# [SUPPLIED RECORDS]

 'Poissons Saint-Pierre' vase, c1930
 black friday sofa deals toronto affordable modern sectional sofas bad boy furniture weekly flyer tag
---
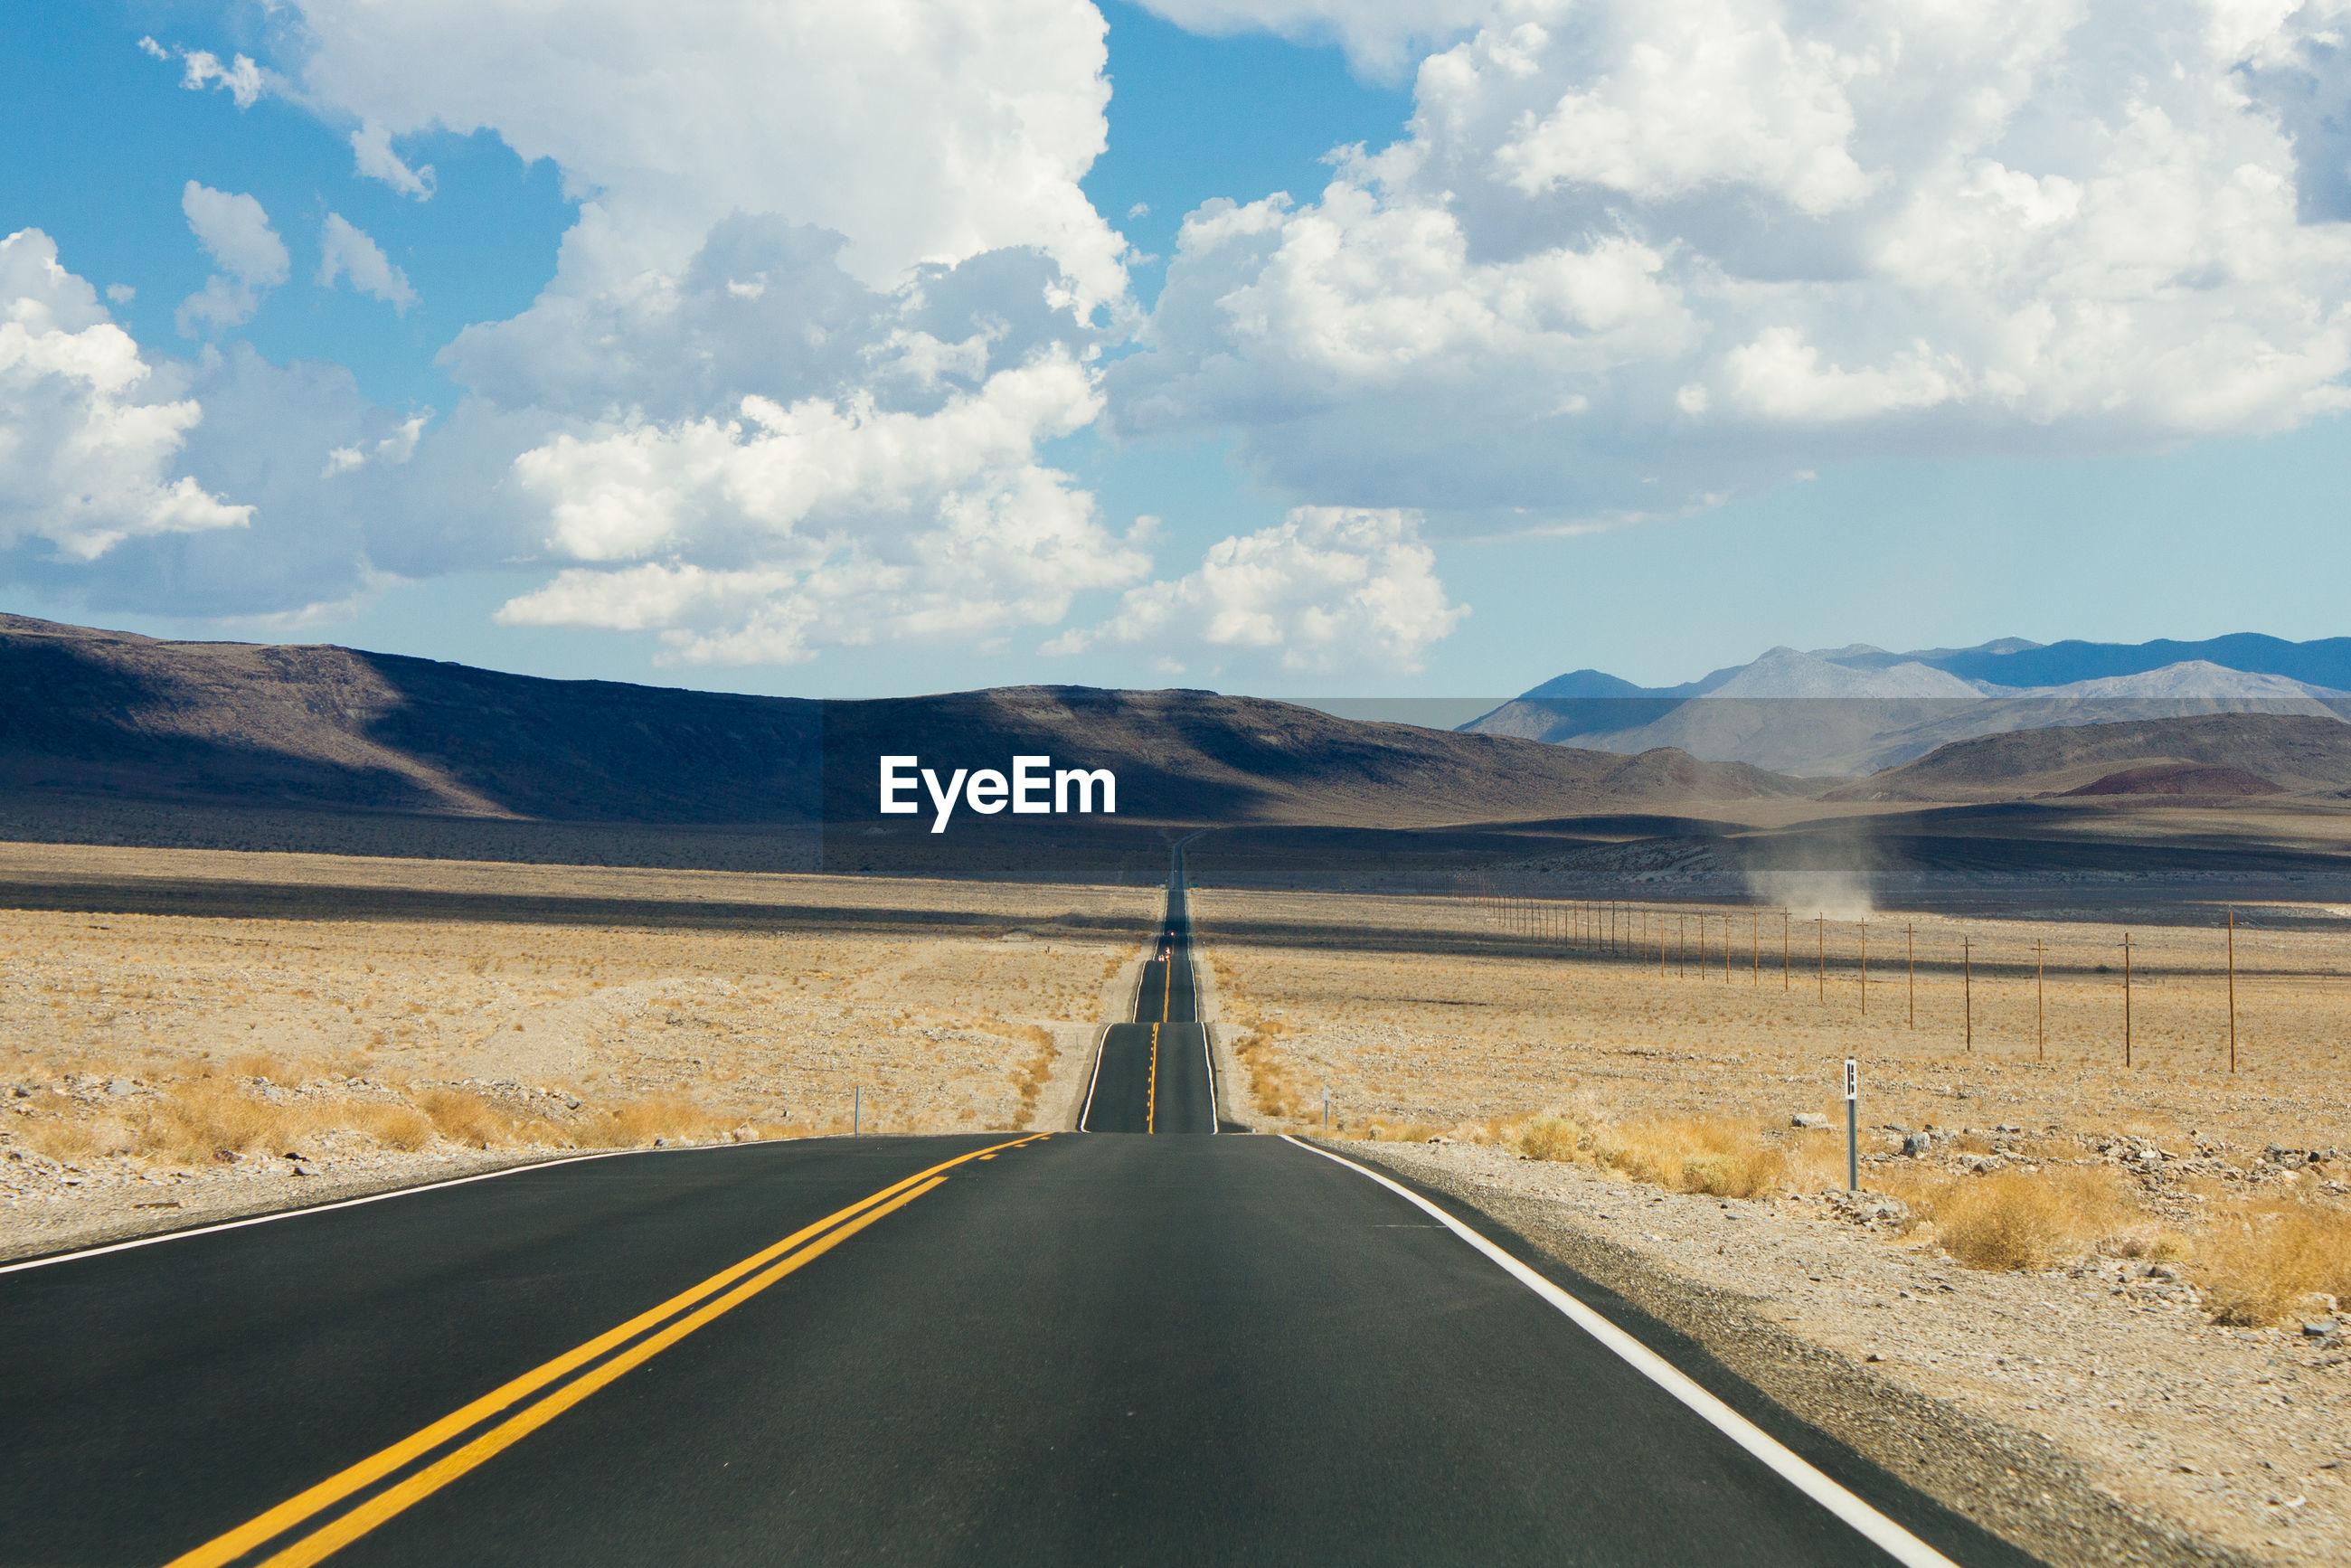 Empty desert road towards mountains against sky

# [WHAT YOU NEED TO DO]
Look above for the line with "Saint-Pierre' vase, c1930" and the line with "black friday sofa"; transcribe both and all lines in between, exactly, and nothing else.

# [COMPLETED TASK]
 'Poissons Saint-Pierre' vase, c1930
 black friday sofa deals toronto affordable modern sectional sofas bad boy furniture weekly flyer tag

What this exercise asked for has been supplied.